One-Size-Fits-All Learning
Do people of different ages learn differently? Opinions vary. While there is little clinical evidence that any particular training method is better suited to mature learners vs. younger learners, there is much anecdotal support that learning styles vary among people, and that age is one indicator of different styles.
(ref-6)
Diane Piktialis and Kent A. Greenes, Bridging the Gaps: How to Transfer Knowledge in Today's Multigenerational Workplace, The Conference Board Research Report 1428, 2008, p. 9.
That doesn't mean that your best way to learn is the same as or different from the colleague in the next cubicle who is 30 years younger, or older - more research is necessary before definitive conclusions can be drawn. And individual differences are more important than age.
There is some evidence that hands-on learning is more effective for older adults learning certain skills, such as using an ATM or searching the Internet. There is also some support for "discovery learning," an approach that encourages the learner to explore various methods and techniques to find the ones that best suit him or her. Others, however, have found that lecture- or modeling-based learning (that's the kind of learning that happens in teaching hospitals, when young doctors "see one, do one, teach one") is equally as effective as discovery learning in older people. Two factors that mattered more were group size (smaller being better) and the ability of the learner to proceed at his or her own pace.
(ref-7)
Charness and Czaja, "Older Worker Training: What We Know and Don't Know," AARP Public Policy Institute, October 2006.

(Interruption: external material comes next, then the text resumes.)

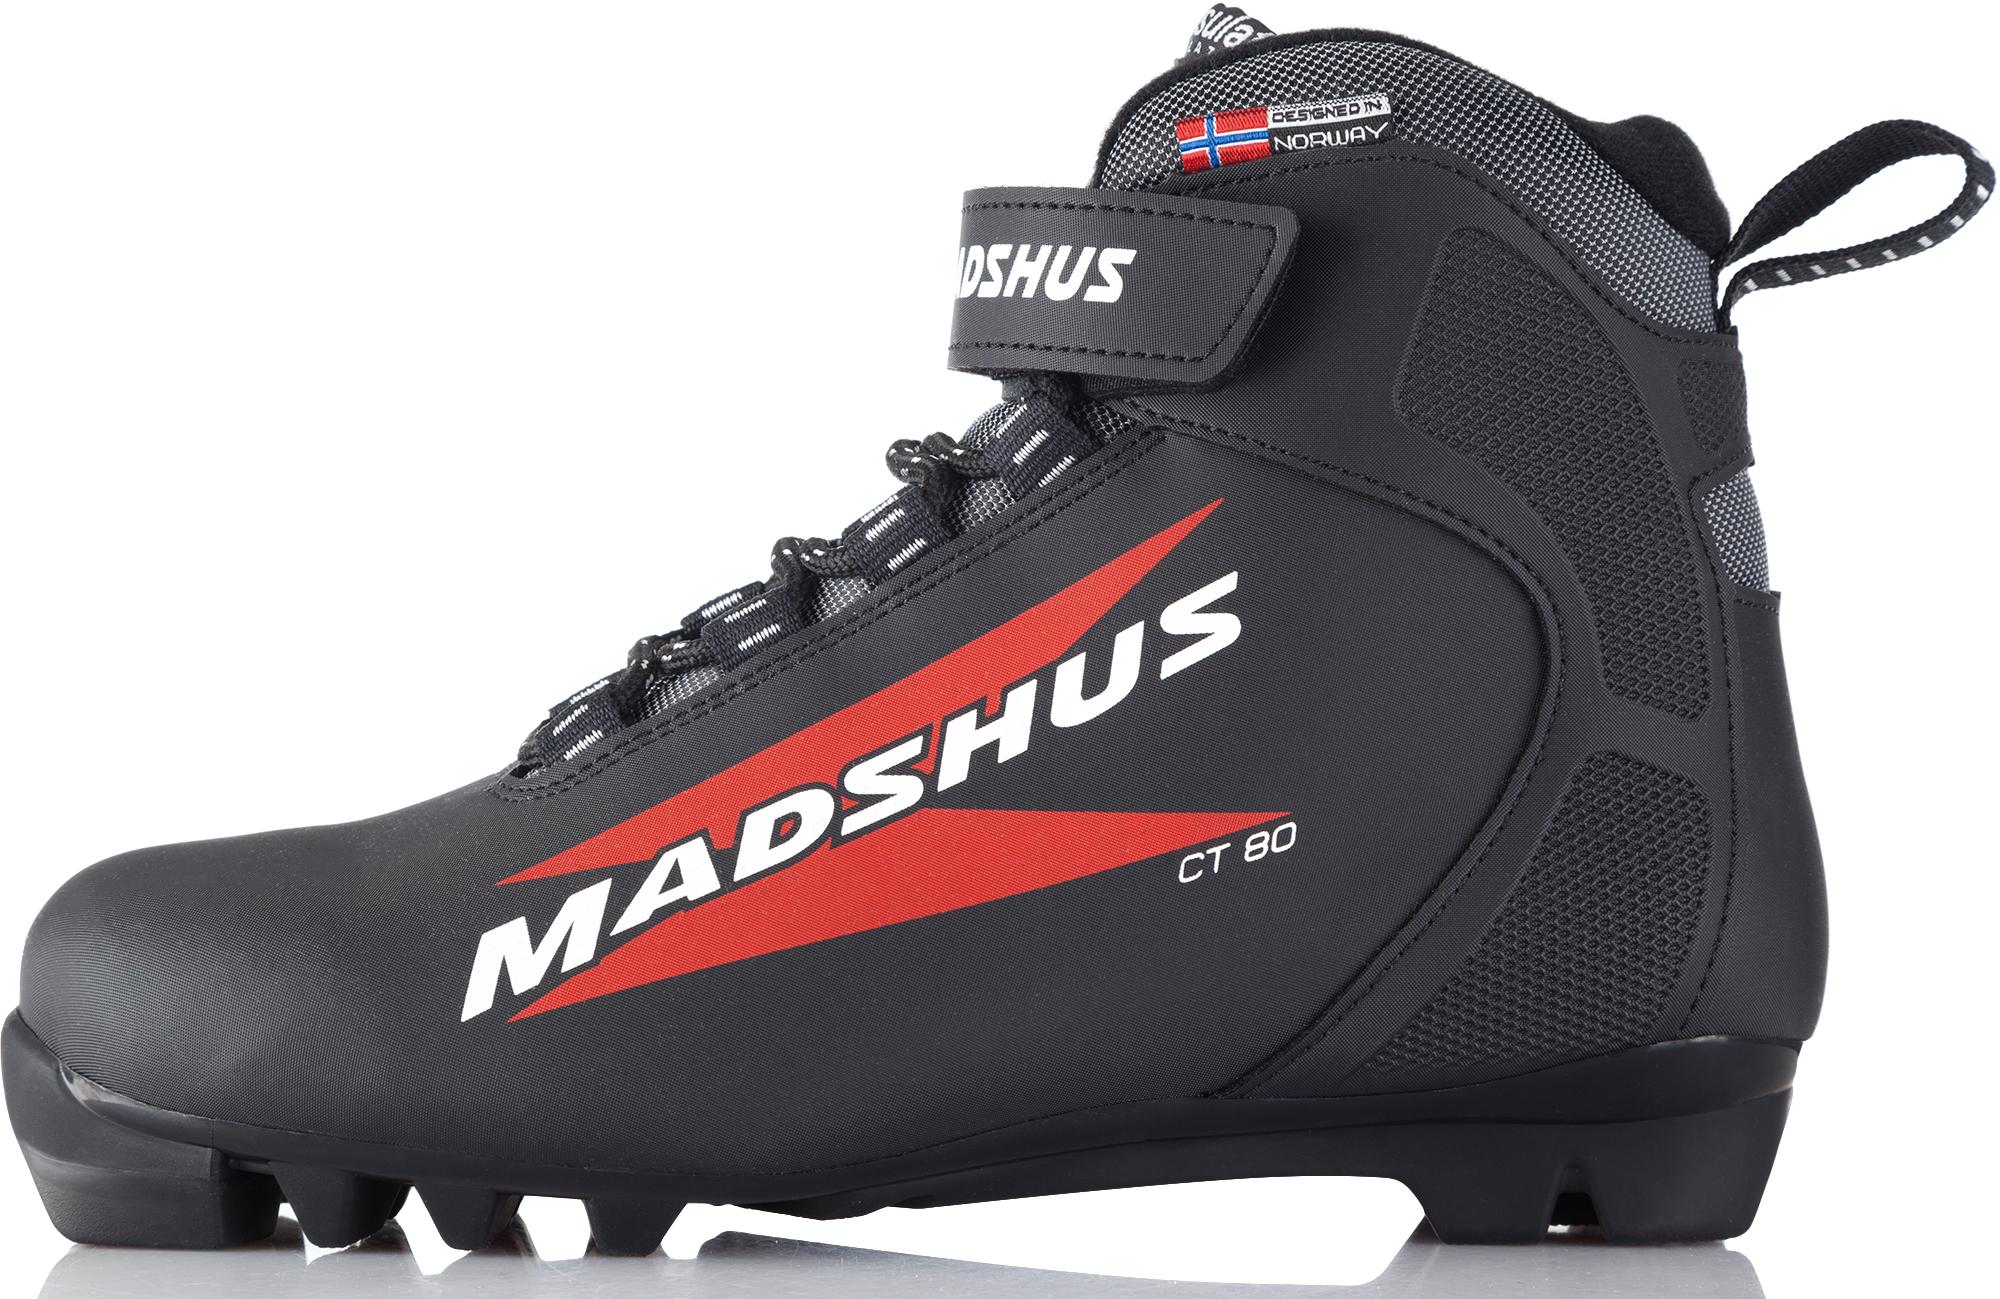 цена на Madshus Ботинки для беговых лыж Madshus CT 80
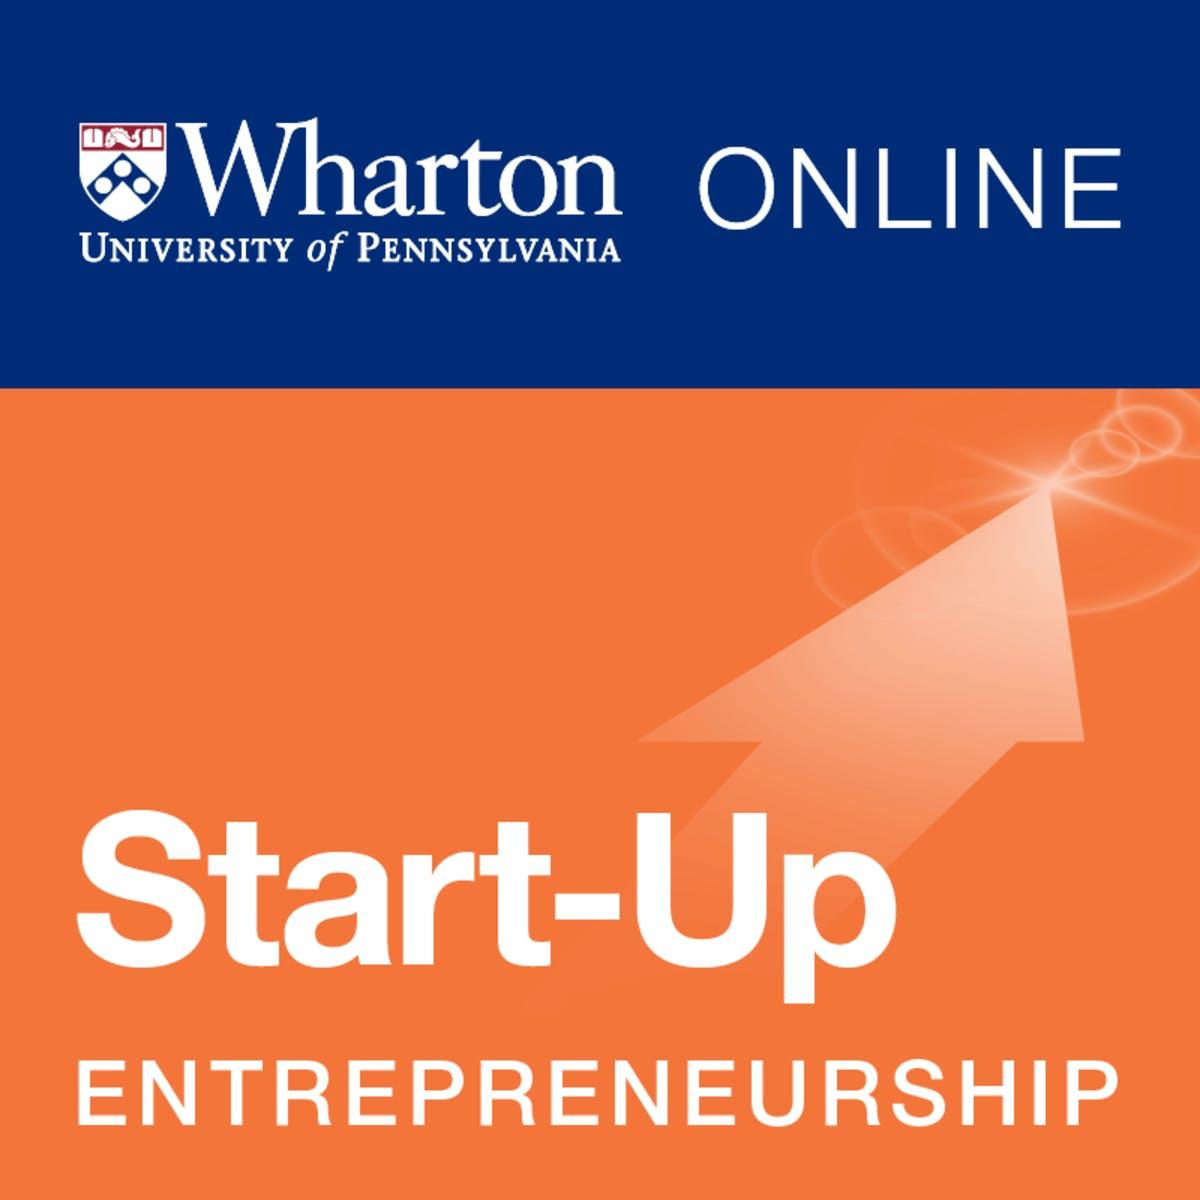 Entrepreneurship 2: Launching your Start-Up

Other research suggests that age does affect learning styles and preferences. Generational differences may be based on one's early education. The last few decades have seen a shift in preferred learning styles from verbal to visual to virtual, based on when individuals were first exposed to computers. This "digital divide" roughly demarcates those who were formally educated before the widespread use of computers versus those who came to computers in adolescence or before. Those who grew up with computers tend to prefer informal over formal learning.